> _PROMPT_:
Your copy should contain exactly the lines from the one that holds "Croissant, Caramelized Onion, Sausage" through the end of the material, reproduced as written, with no pictures.

> _GIVEN ENTRIES_:
==============================

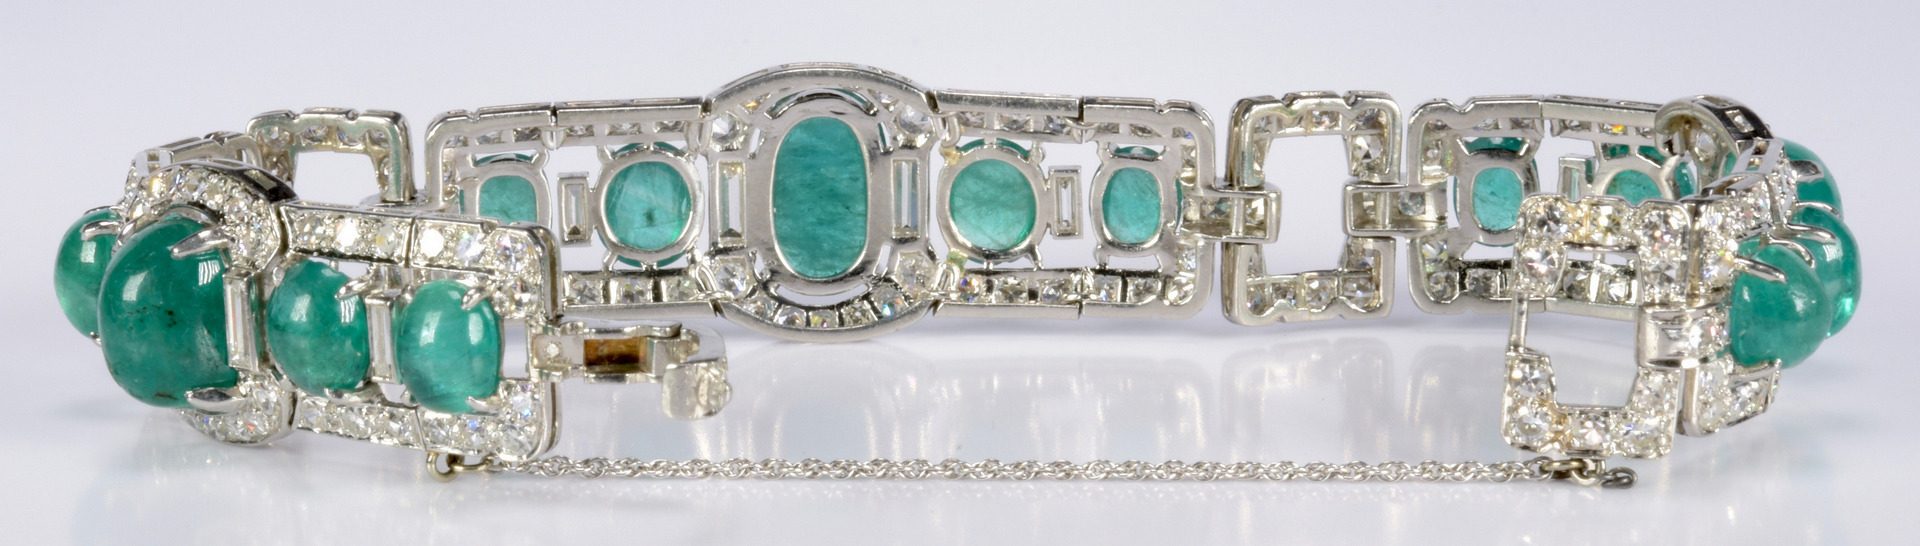 Lot 401: Art Deco Emerald and Diamond Bracelet
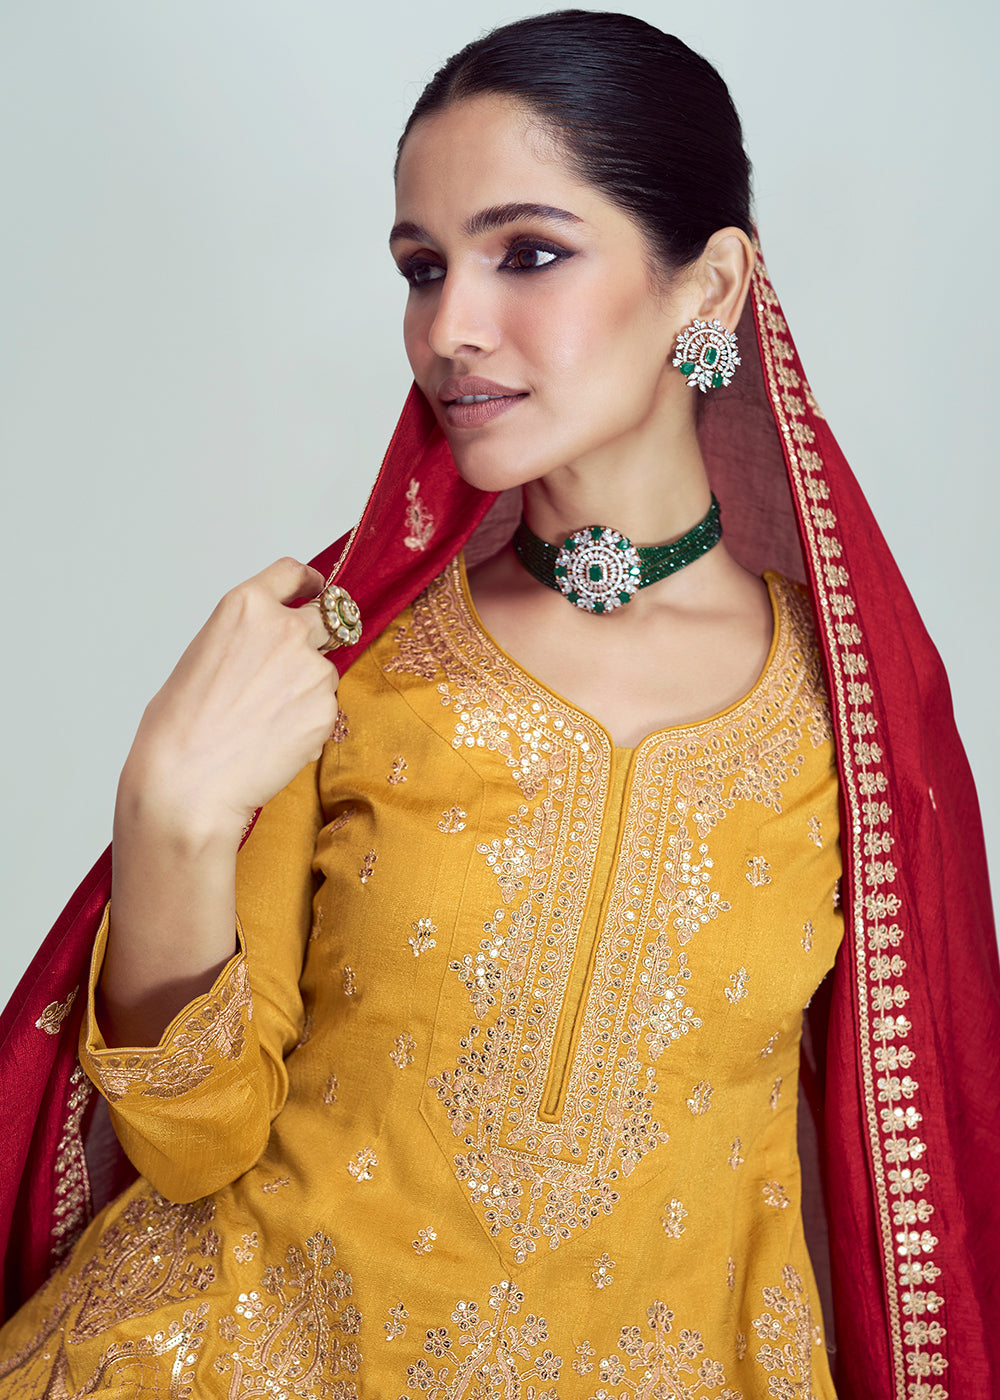 BuyIndian Wedding Dresses Online for Women in USA
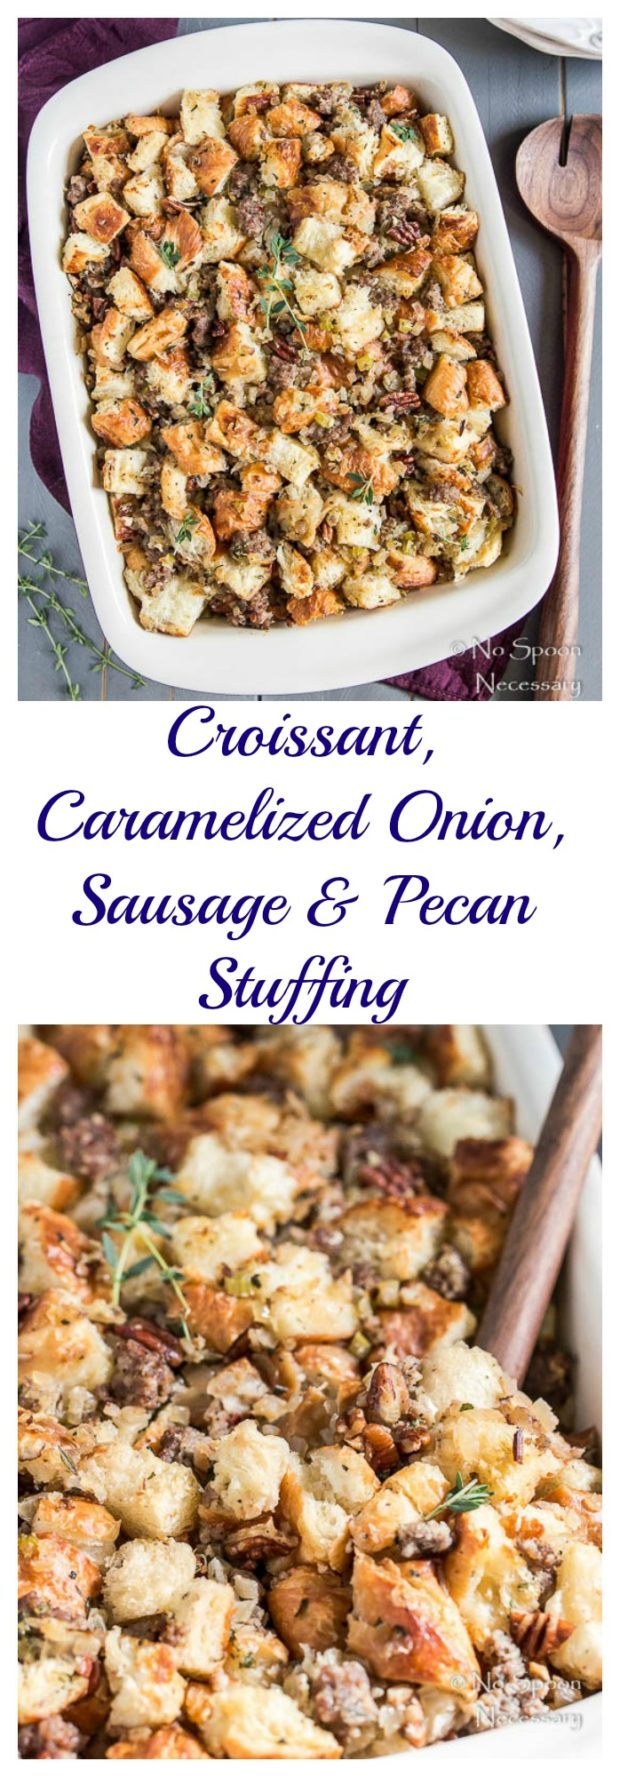 Croissant, Caramelized Onion, Sausage & Pecan Stuffing 2 long
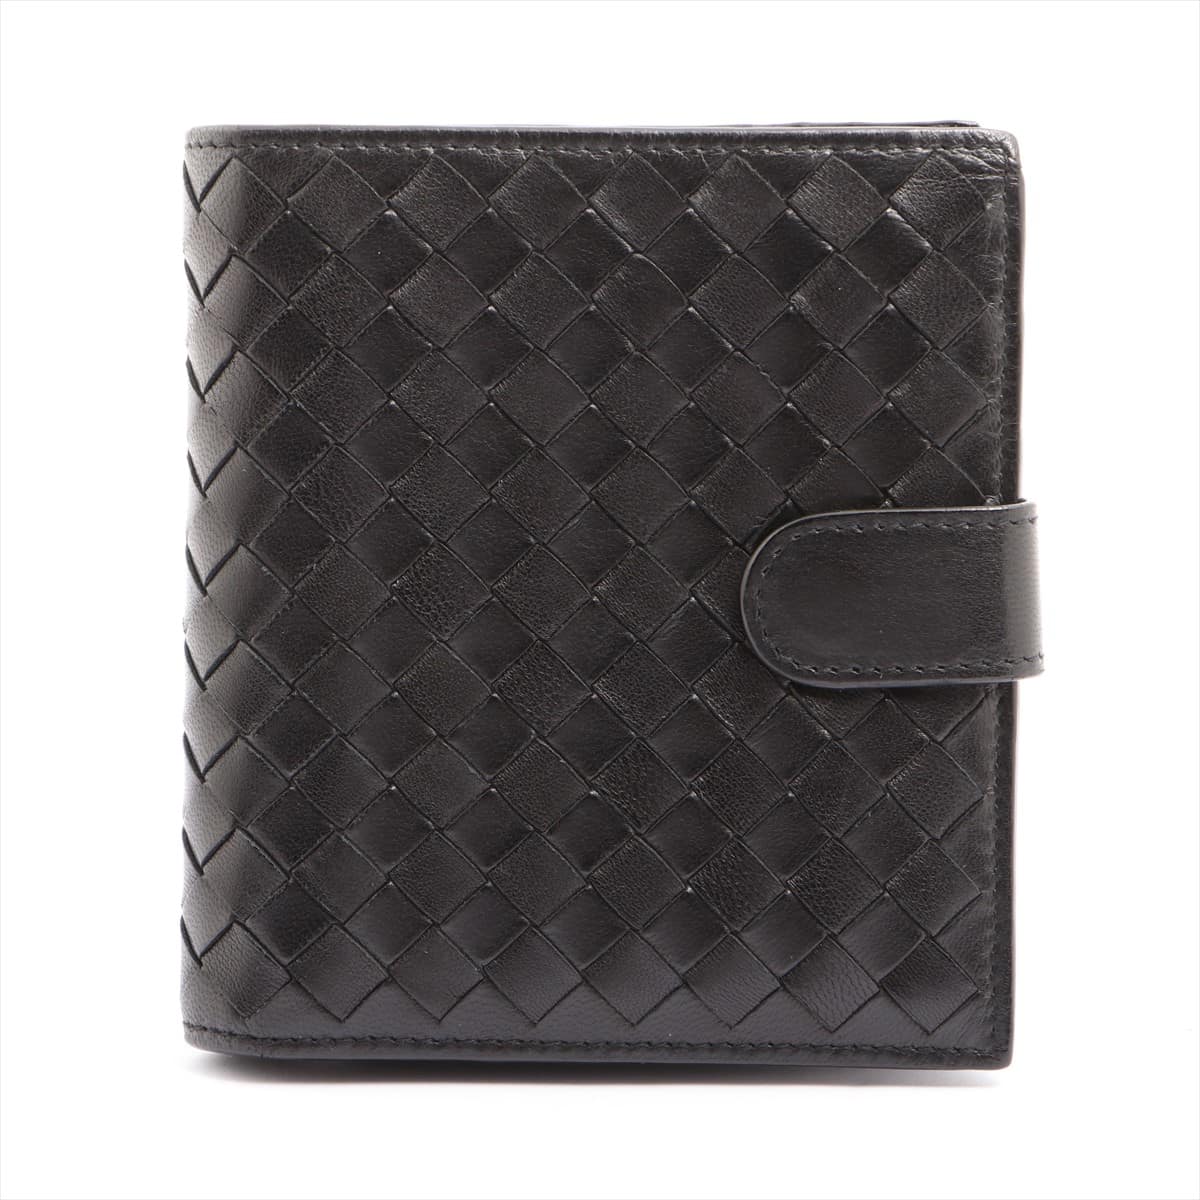 Bottega Veneta Intrecciato Leather Wallet Black
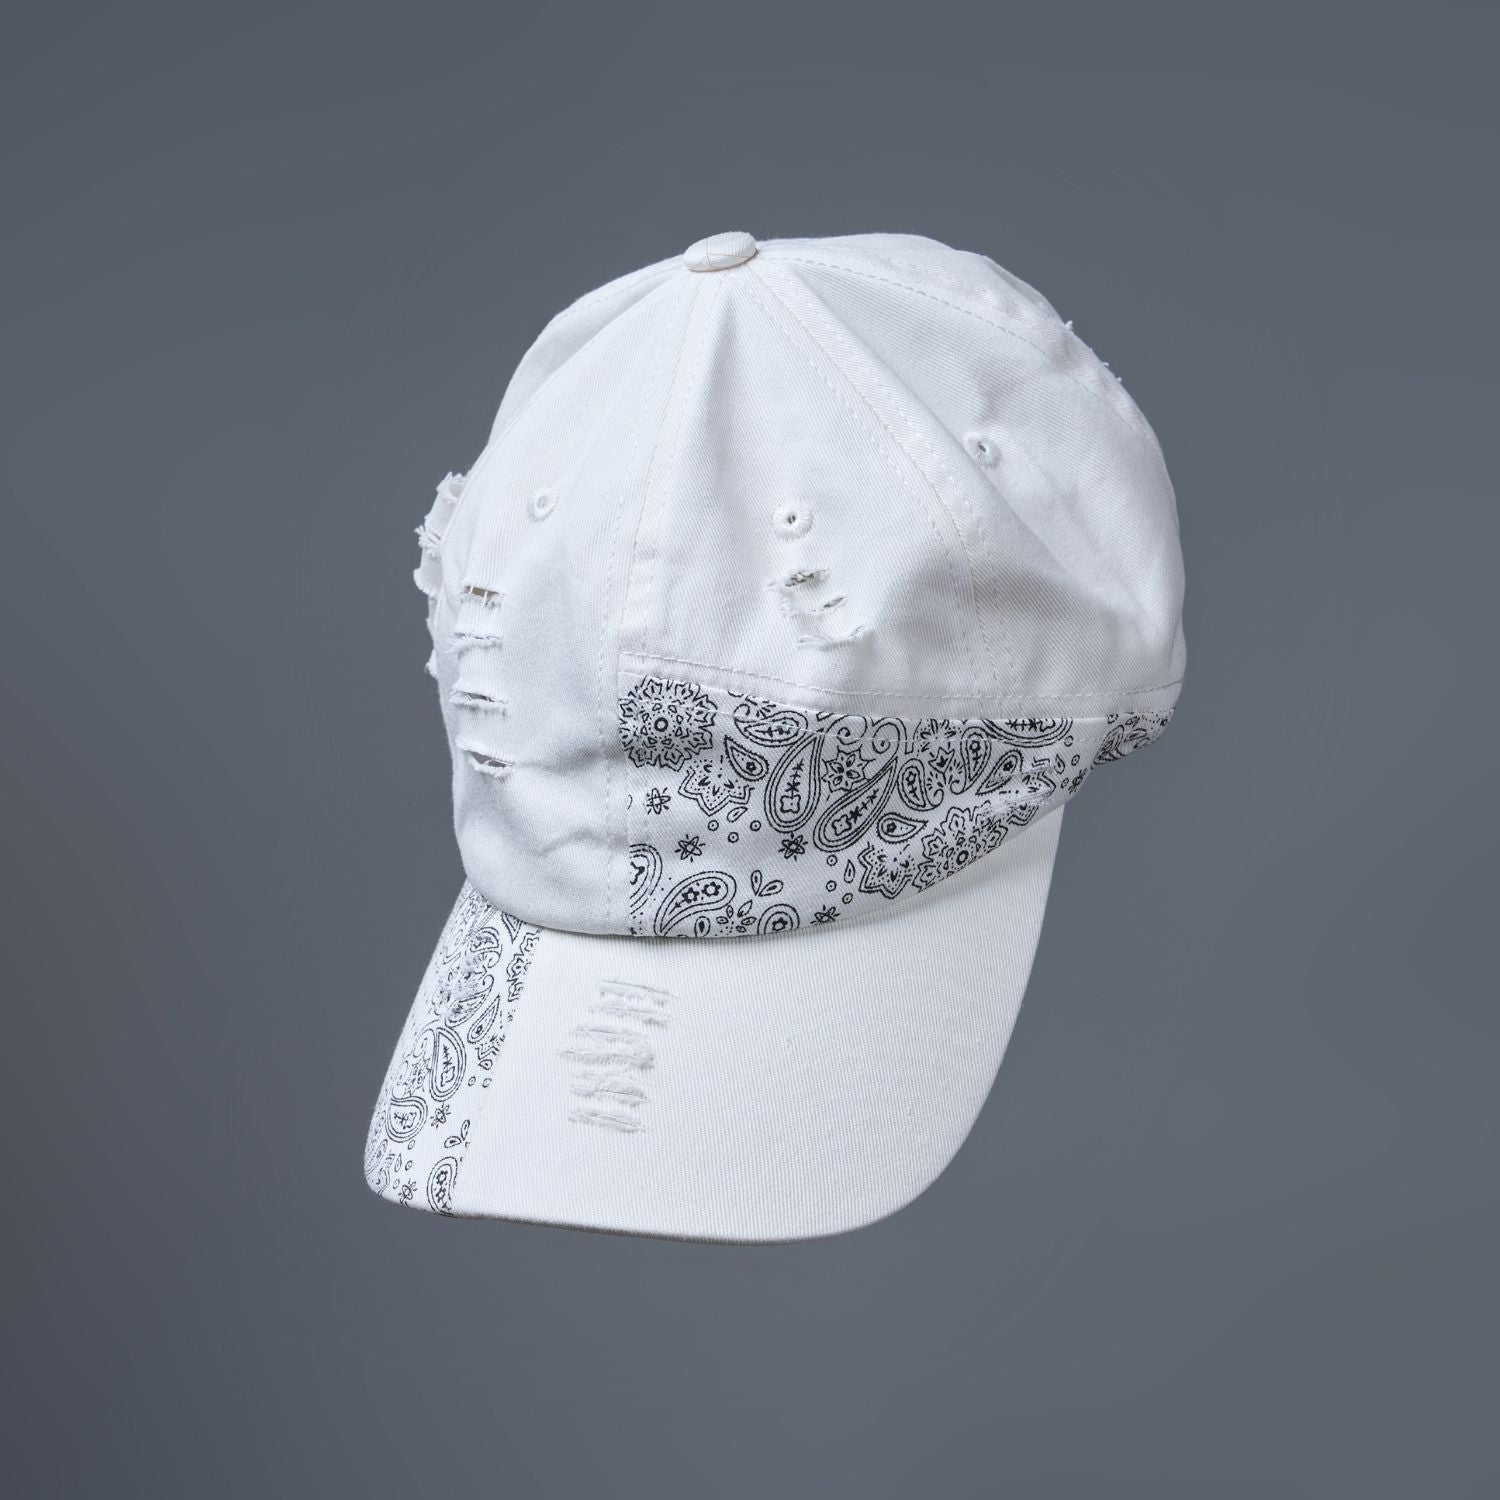 white colored, wide brim designer cap for men with adjustable strap.

==============================

> _SOLVED PROBLEM_:
 Croissant, Caramelized Onion, Sausage & Pecan Stuffing 2 long
 Bottega Veneta Intrecciato Leather Wallet Black
 white colored, wide brim designer cap for men with adjustable strap.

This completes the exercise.